From a security design perspective, an attestation should be requested every time there is a need to create a security context between an enclave and a verifying party/application.  Presumably this would occur as a component of session setup for whatever type of communications is being conducted.

In the standard Intel SDK all of this is a bit confusing since the attestation is mediated by an SP.  This means that a verifying party has to create a security context between itself and the SP and mediate the key/report data exchange through that context.  We elected to bypass all of that which considerably diminishes the security domain that has to be verified/trusted.

The statement was made above that Intel isn't supporting attestation by third parties.  That doesn't mean that it isn't possible to implement an independent attestation service but does require that someone roll up their sleeves and write a bit of code.  As a component of the provisioning process, Intel sends a copy of the group public key to the platform being  provisioned.  This is a requirement so that the platform can conduct its own independent pairing with the group key in order to support the generation of the platform's private EPID key.  The key and the group identifier come down in the second message from the Intel provisioning service and again in the fourth message.
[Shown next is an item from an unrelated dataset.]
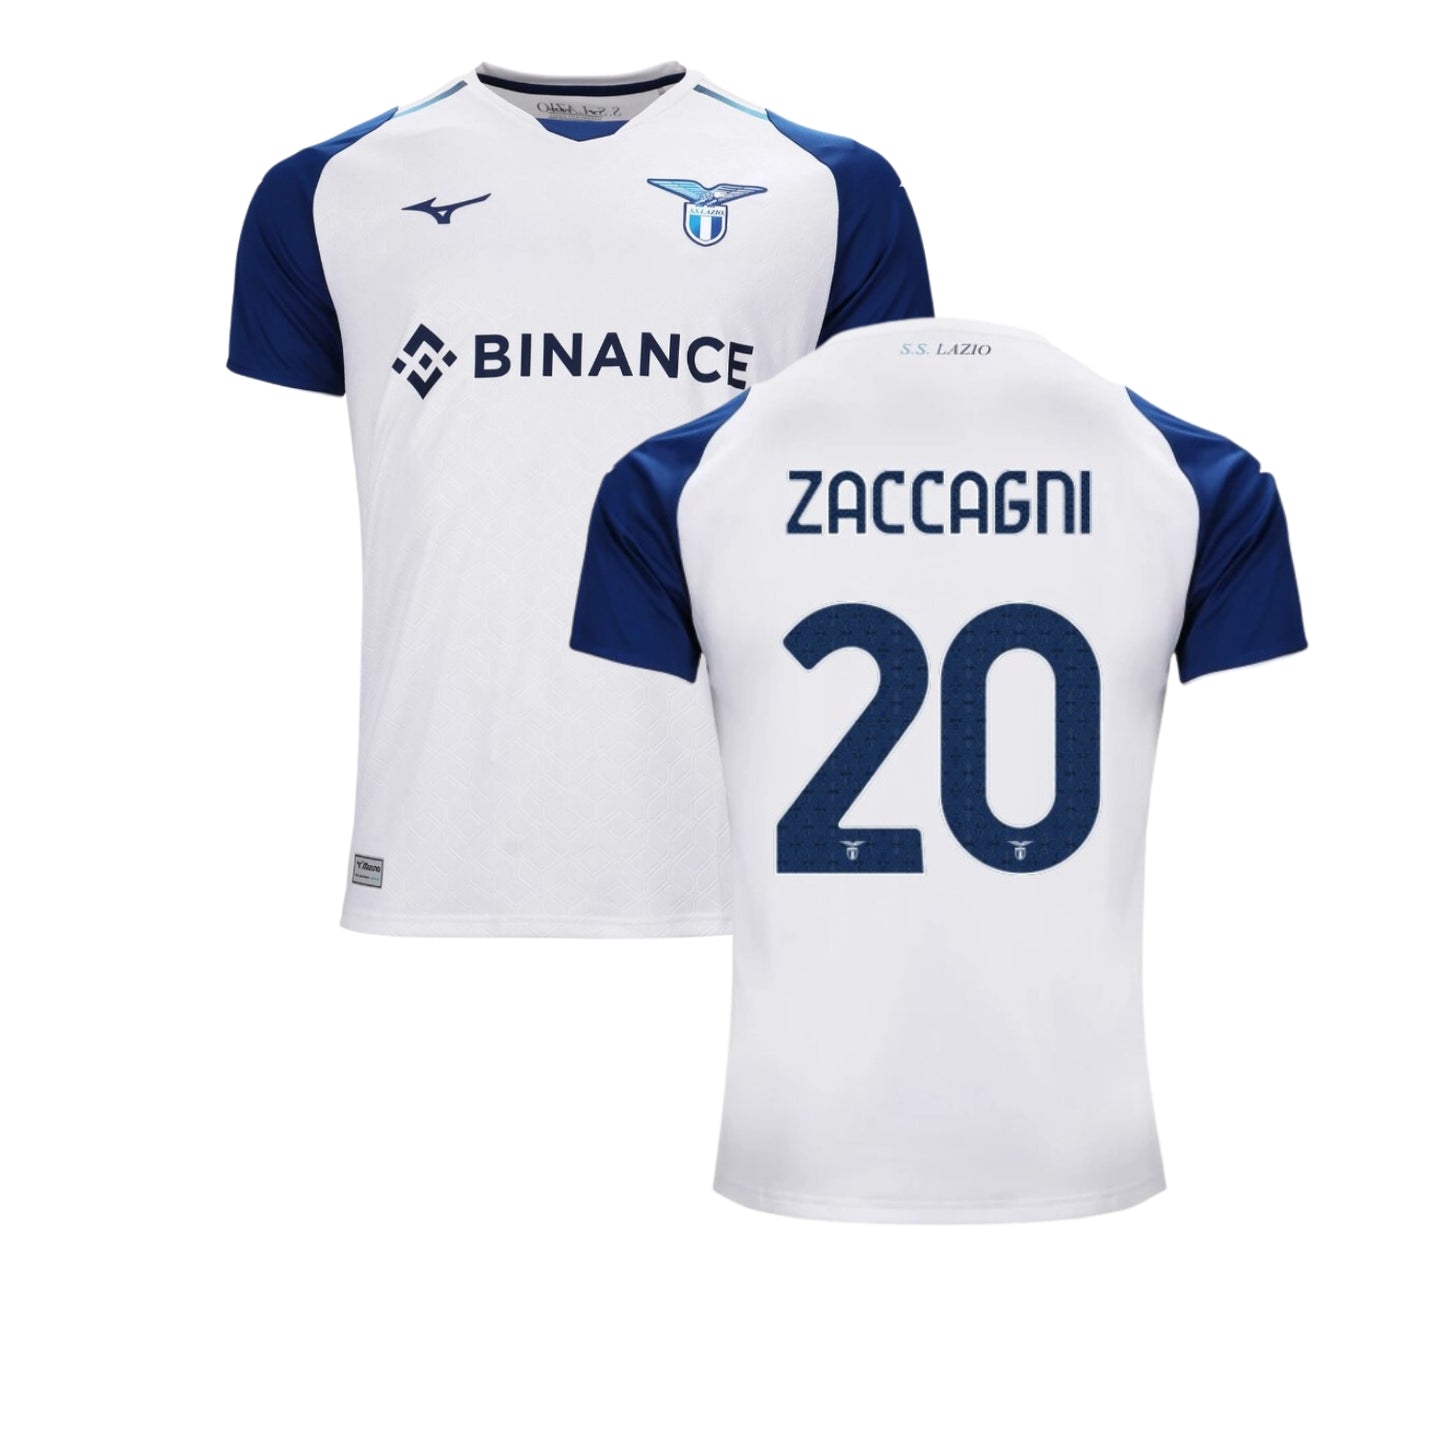 Mattia Zaccagni Napoli 20 Jersey
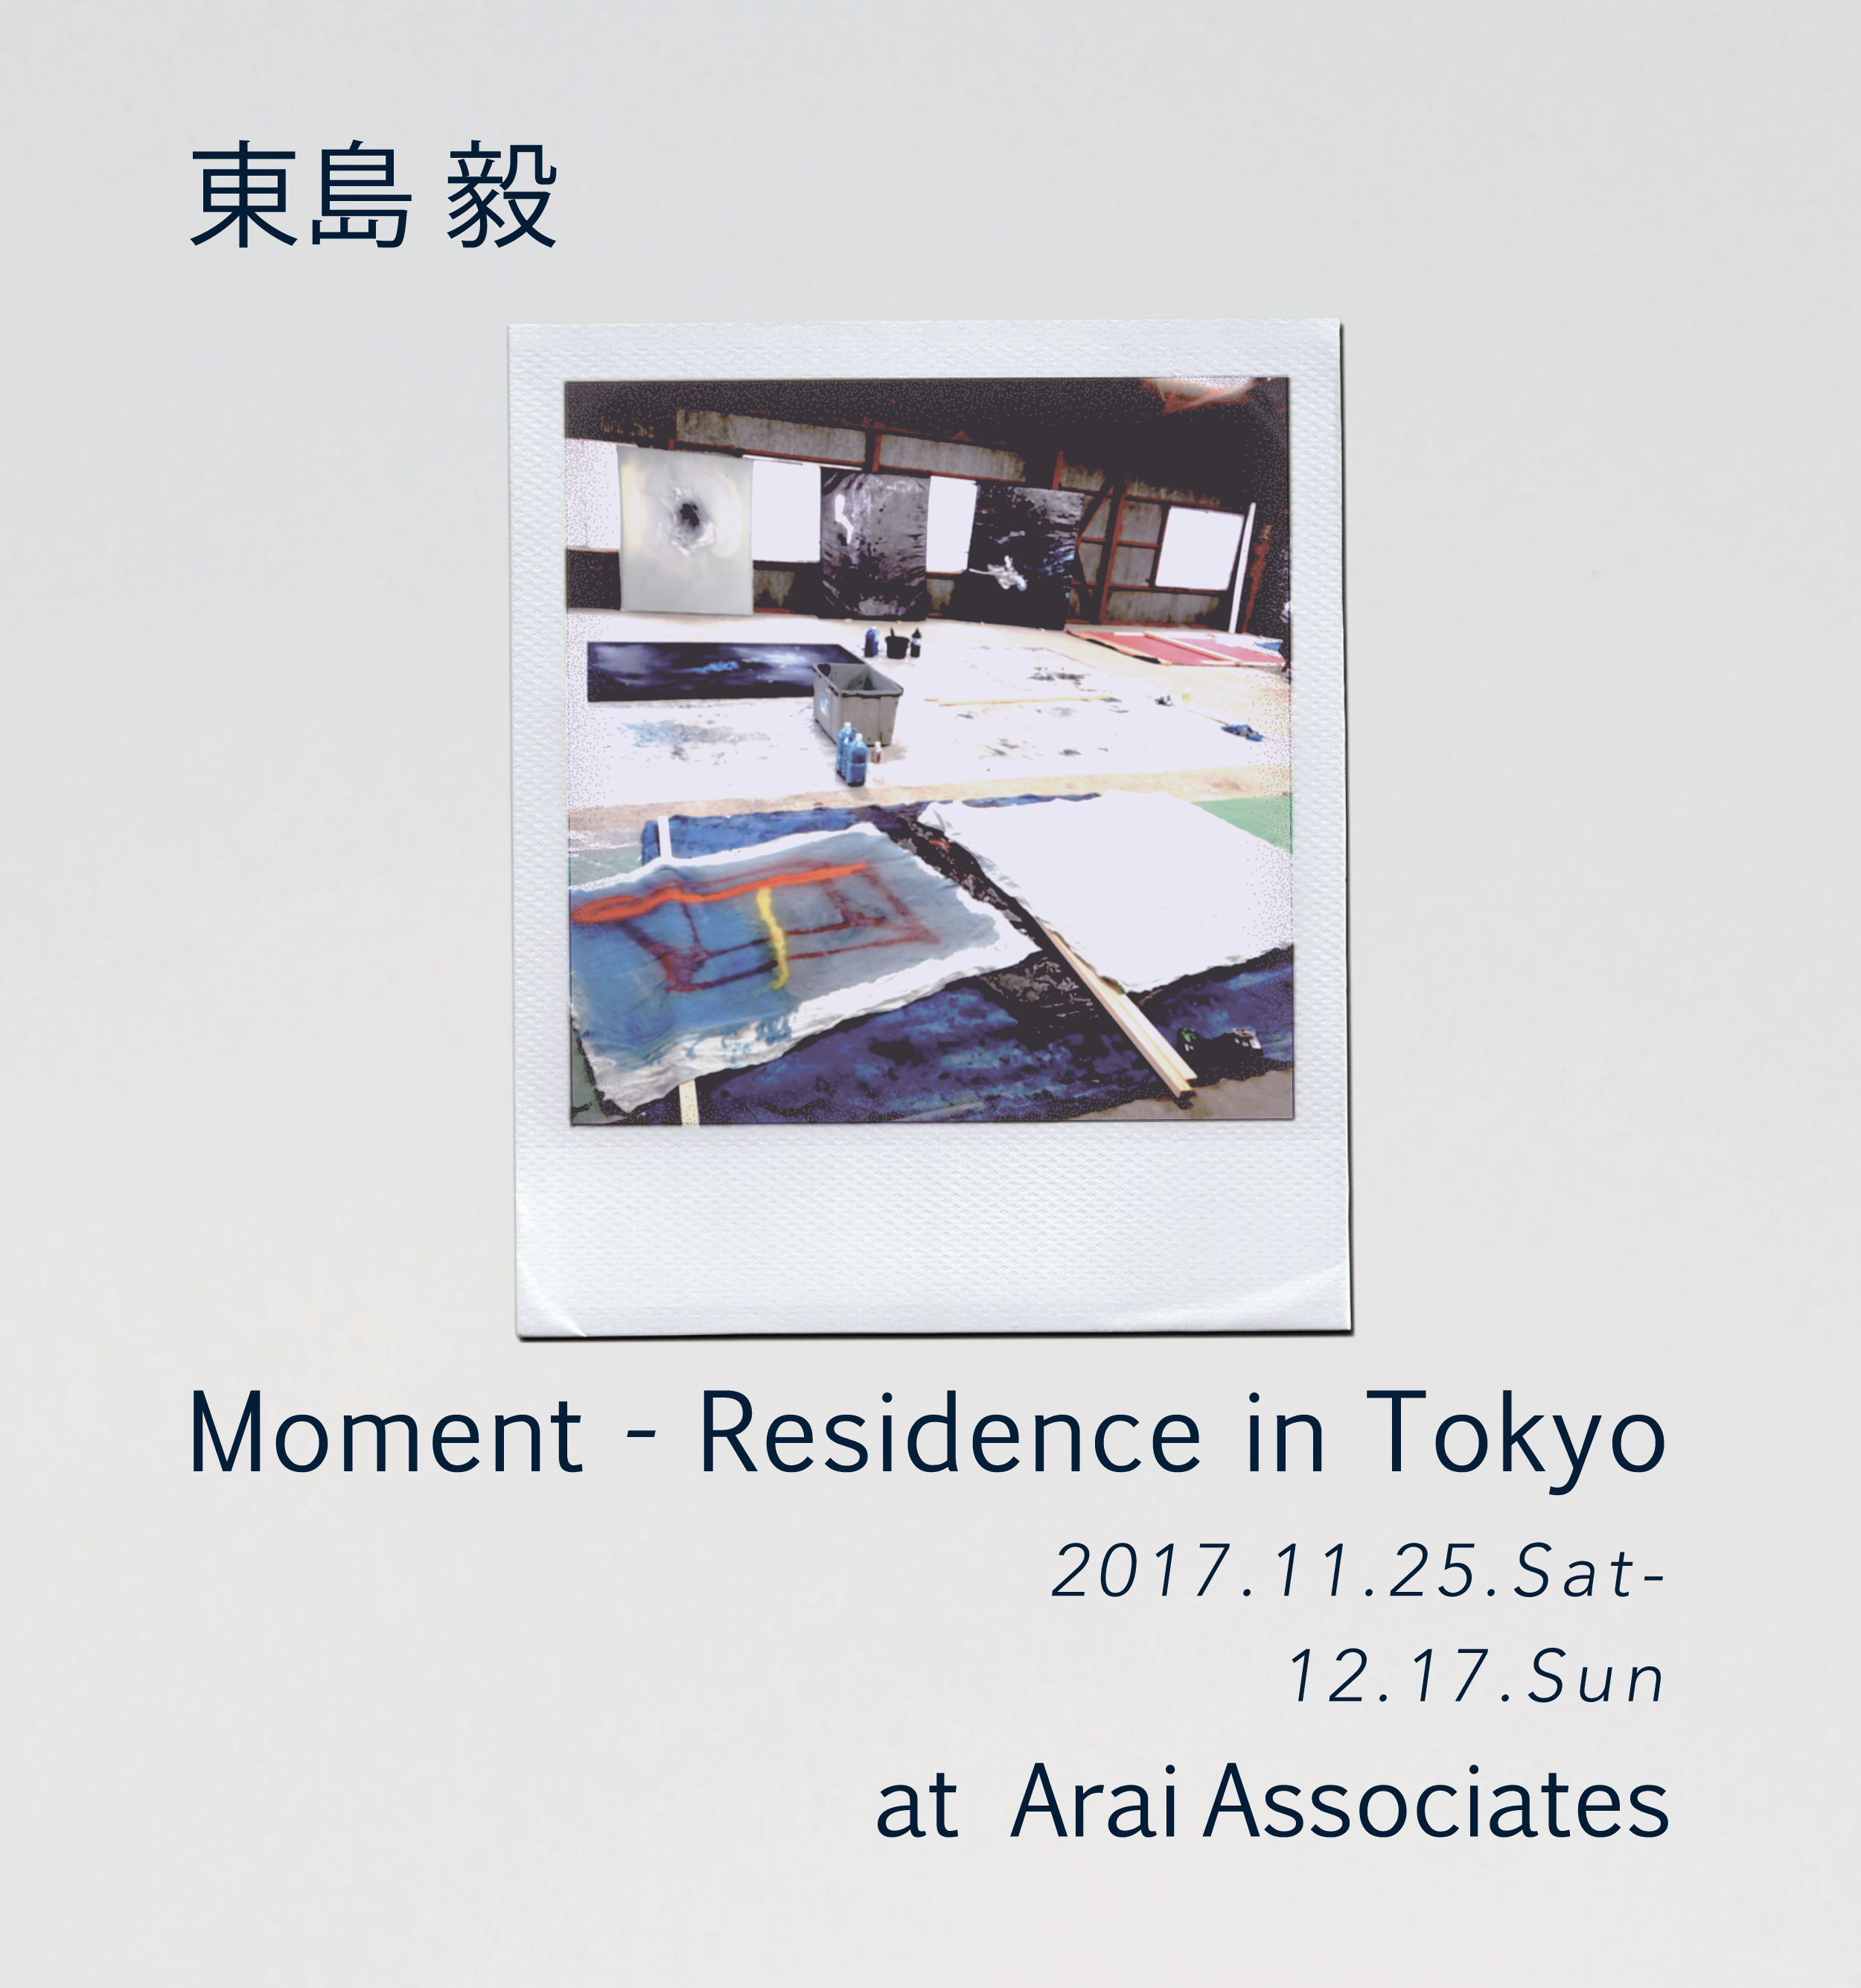 東島 毅「Moment - Residence in Tokyo」

As I noted in the following thread:

https://software.intel.com/en-us/forums/intel-software-guard-extensions-intel-sgx/topic/781730

Intel makes the EPID member and verifier code available in open source form.  The path forward would be to abstract the group key(s) from the provisioning process and transform the key into a form that could be used with the EPID verifier code to verify an EPID based signature generated by a QE over a platform report.

We would find it interesting to hear any compelling arguments as to why this wouldn't be possible.  We may write a proof of concept implementation depending on other deadlines we have and/or interest by parties we are involved with who have voiced concerns about single source attestation services.

Hopefully all of this helps with advancing a general understanding of how attestation works.  We can certainly answer additional questions either publically or privately if anyone wants to use our web-site to contact us.

Best wishes for a pleasant weekend from the Upper Midwest.

Dr. Greg

Dr. Greg, et al.

I made a note of a few attestation questions posted on the forums in the past so I could come back to them at the right time...

I just wanted to make you all aware of some new 3rd party attestation primitives that were recently announced and released, in case you hadn't already seen them.  Our new Data Center Attestation Primitives (DCAP) help large enterprises and service providers provide a way to build out their own attestation capabilities.

A new whitepaper was just recently published with info and lots of links on DCAP:

https://software.intel.com/en-us/blogs/2018/12/09/an-update-on-3rd-party-attestation

Regards.

Scott